Surgen de esta unión dos bellos lazos grises, y otros dos de color amarillo. Ambos relucen, como estrellas solitarias en un cielo oscuro. Ellos quieren crecer, quieren llegar a la superficie.
Y lo hacen.
Trepan por nuestros brazos, entrelazados, desnudos, hasta llegar a tu rostro.
Ese rostro.
El mismo que llevo mirando más tiempo del que recuerdo, y el que tan bien recuerdo por llevar tanto tiempo mirándolo.

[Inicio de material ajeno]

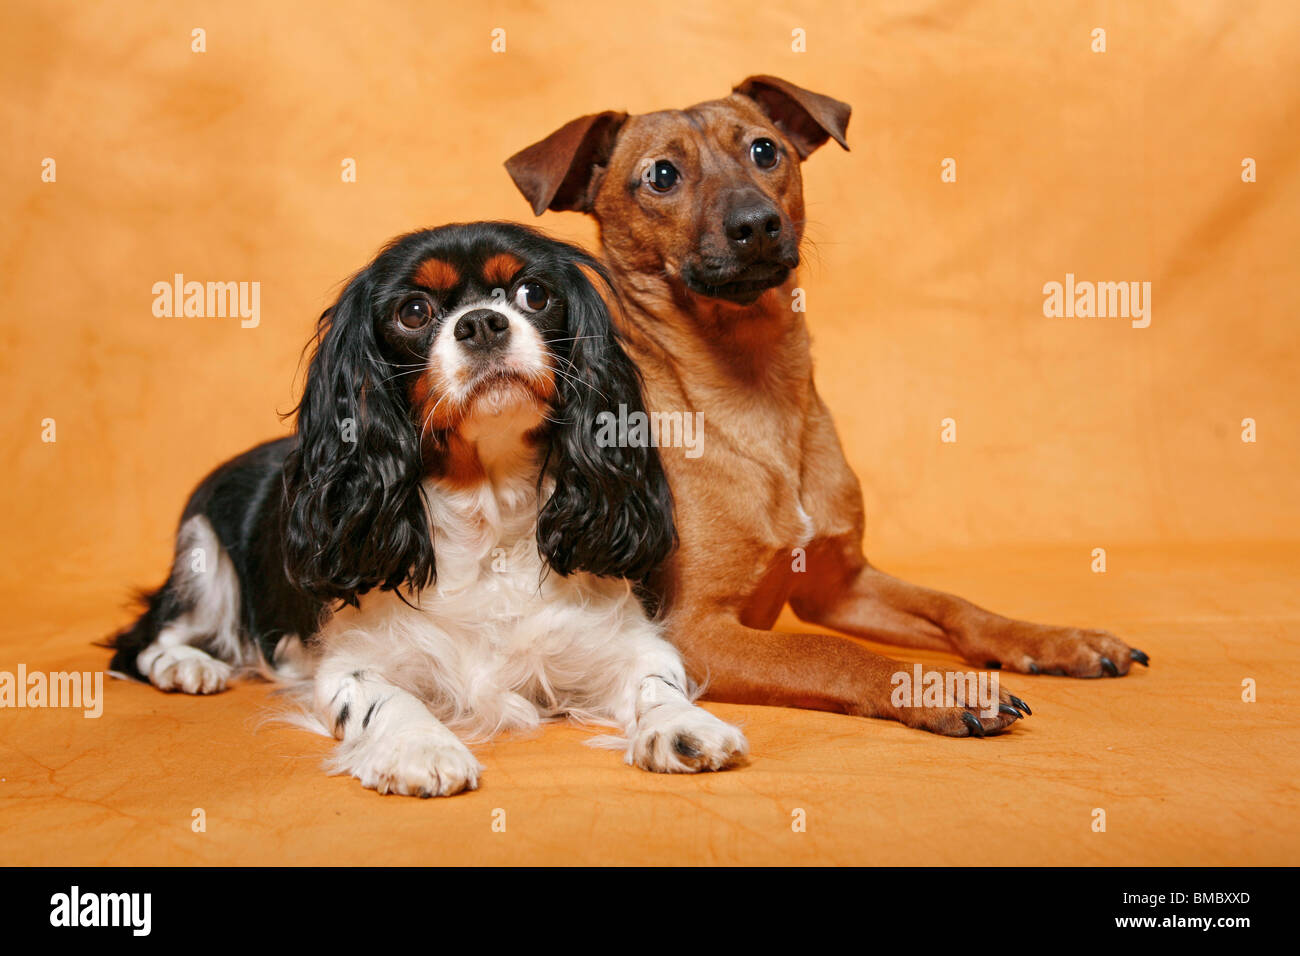 Hunde / dogs Stock Photo
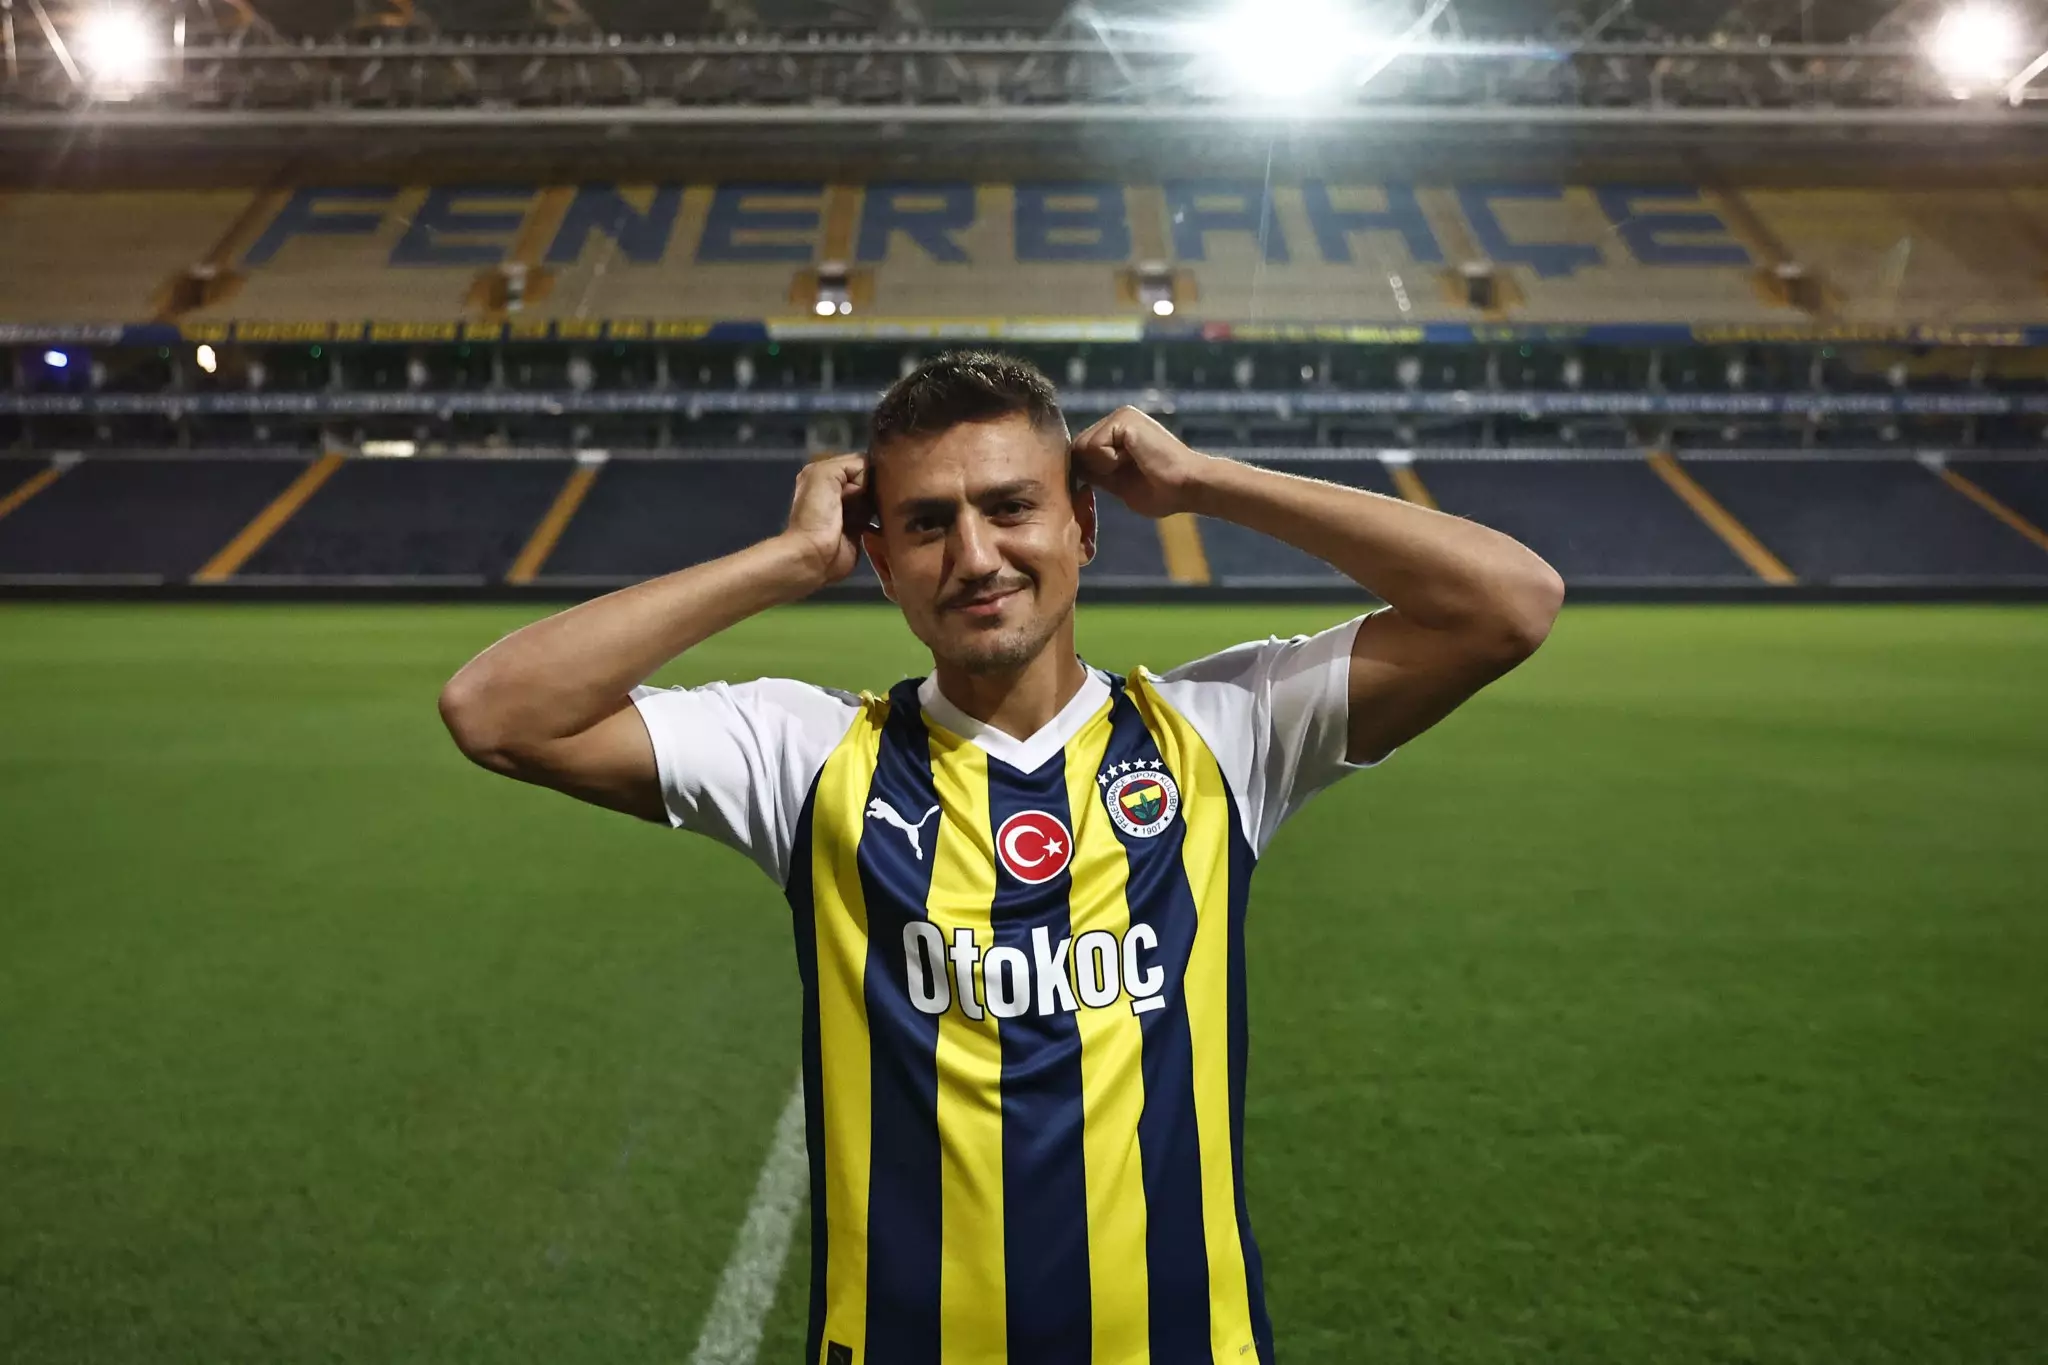 "Fənərbağça" klubu ən bahalı transferini reallaşdırdı

Esas dos dunas tranquilas, en calma, que en el momento más inesperado se tornan una auténtica tormenta de arena. Ese precioso campo de fresas, siempre torcido en su lado derecho, siempre sembrando las frutas más dulces. Y más arriba, cerca del bosque que alberga el más embriagador perfume que haya existido nunca, el rastro de una serpiente de nombre Infancia, que quiso ser recordada el resto de tu vida a través de una anécdota.
Pero nuestros lazos grises y amarillos no se detuvieron ahí. Ellos envolvieron tu magnífico rostro, todo tu cuerpo, y a mí con él.
Y en ese momento lo entendí.
Tú y yo éramos algo más que un fugaz brillo.